Perhaps he was referring to the monstrously wealthy who’ll get big, beautiful tax cuts that will make them even wealthier, though, knee-deep in their billions, they’d be unlikely to actually notice it.
Overhead screamed a flight of warplanes and B-2 stealth jets, the like of which only two weeks ago dumped bunker-buster bombs on Iran. A president who lusts after a Nobel Peace Prize can never have too many warplanes at his White House celebrations.
Prime Minister Anthony Albanese, Victorian Premier Jacinta Allan and NSW’s Chris Minns could take a lesson.
The Albanese government’s decision to grant Woodside an extension to the year 2070 to operate its north-west shelf oil and gas project, despite screams that it endangers ancient Aboriginal rock art and spews pollution into the air?

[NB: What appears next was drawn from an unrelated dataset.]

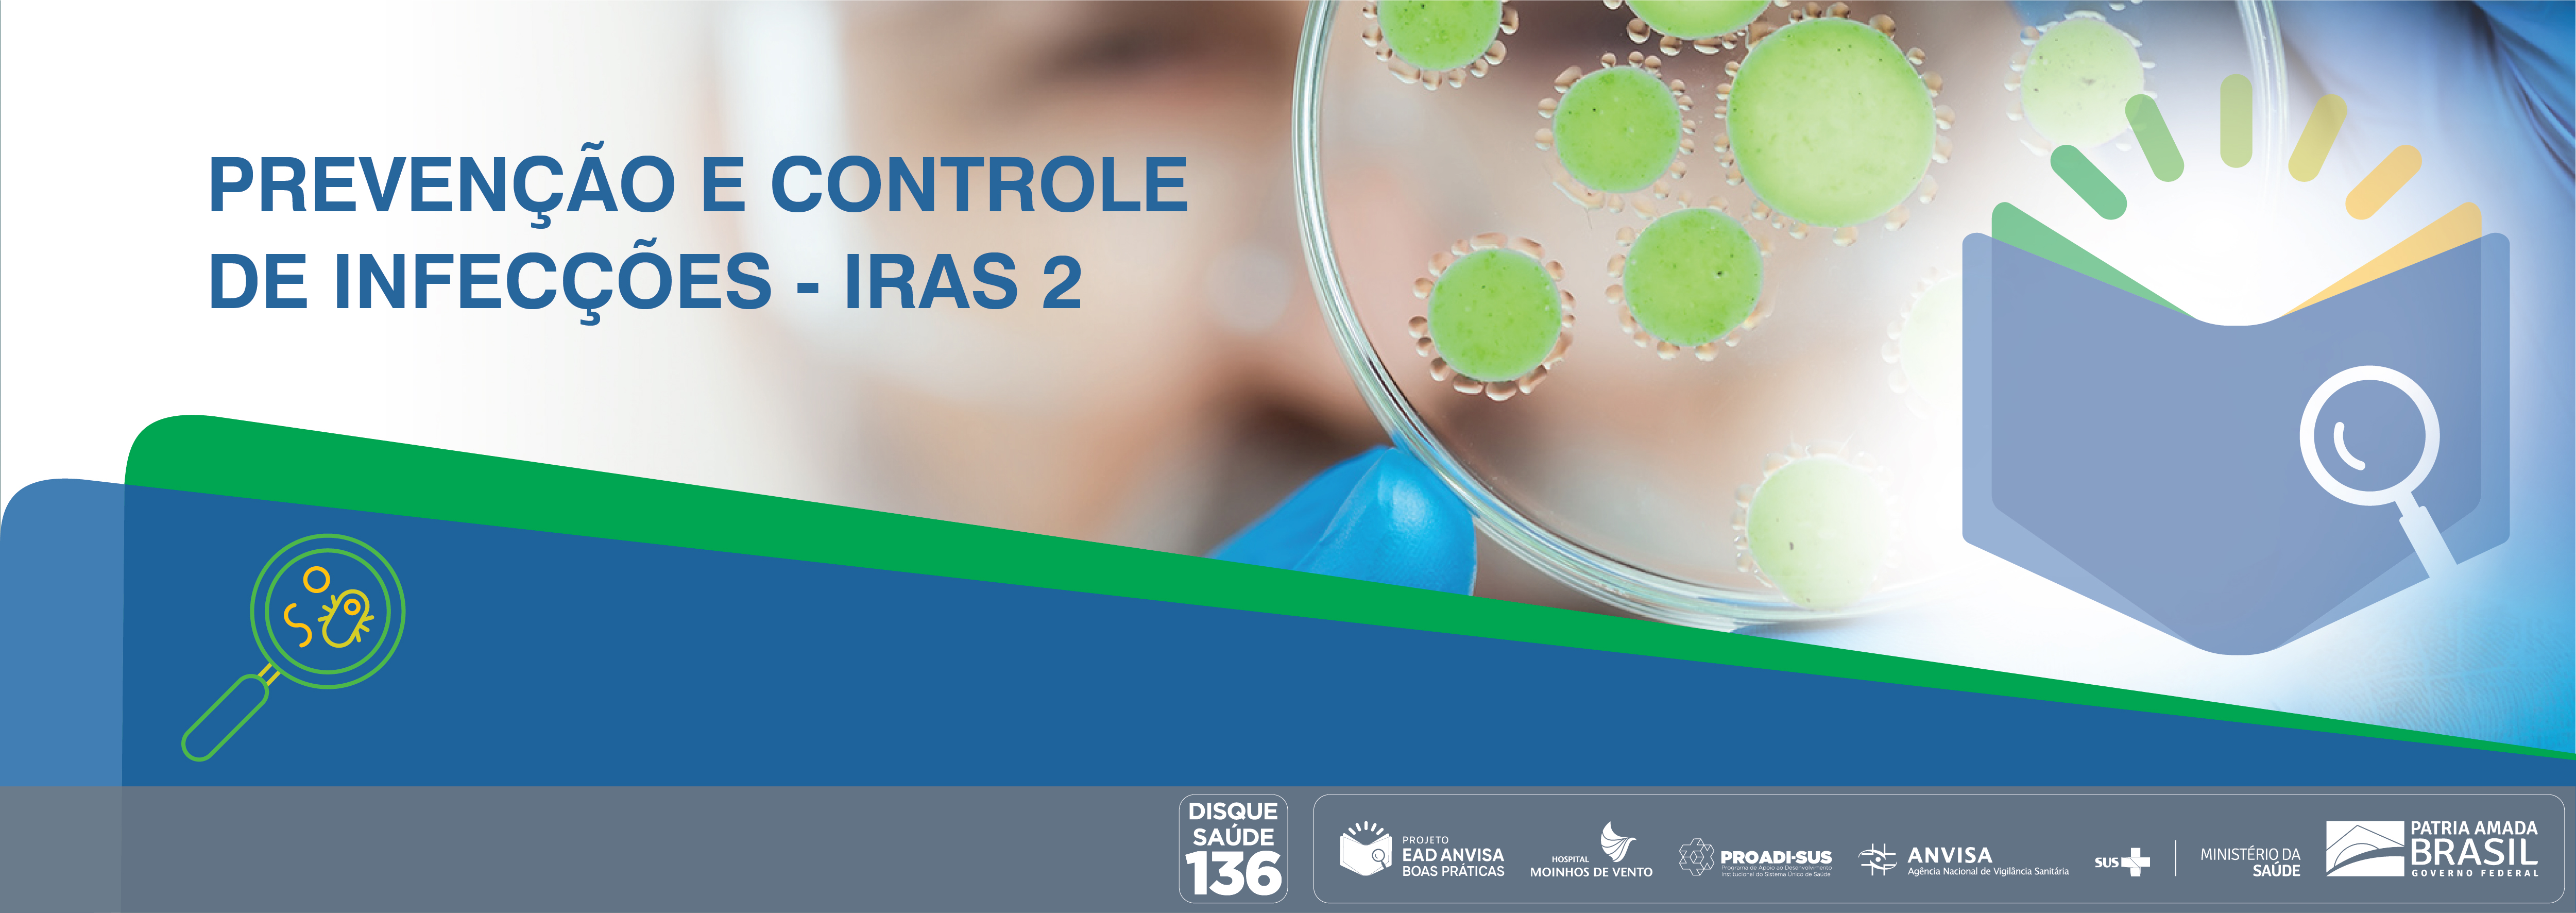 Boas Práticas de Inspeção em Serviços de Saúde com foco nas Ações de Prevenção e Controle das Infecções Relacionadas à Assistência à Saúde e Resistência Microbiana (RM) - Módulo 2 ANVISA_2020_IRAS2_V2

“You won’t even notice it,” Albanese might have said with a fair dollop of truth on his side, given its remote location. “The people are happy, they’re happy.”
And he’d be right, assuming he was talking about Western Australia’s bean counters.
And Melbourne’s stratospherically expensive Suburban Rail Loop?
“You won’t even notice it,” Allan might have said, rather than getting bogged down in endless arguments over whether the thing was even worth doing. It will, after all, be underground.
Say this sort of thing enough times and people will come to believe it.
Trump’s second coming proves it. The man is clearly a stable genius, a lesson to lesser leaders everywhere.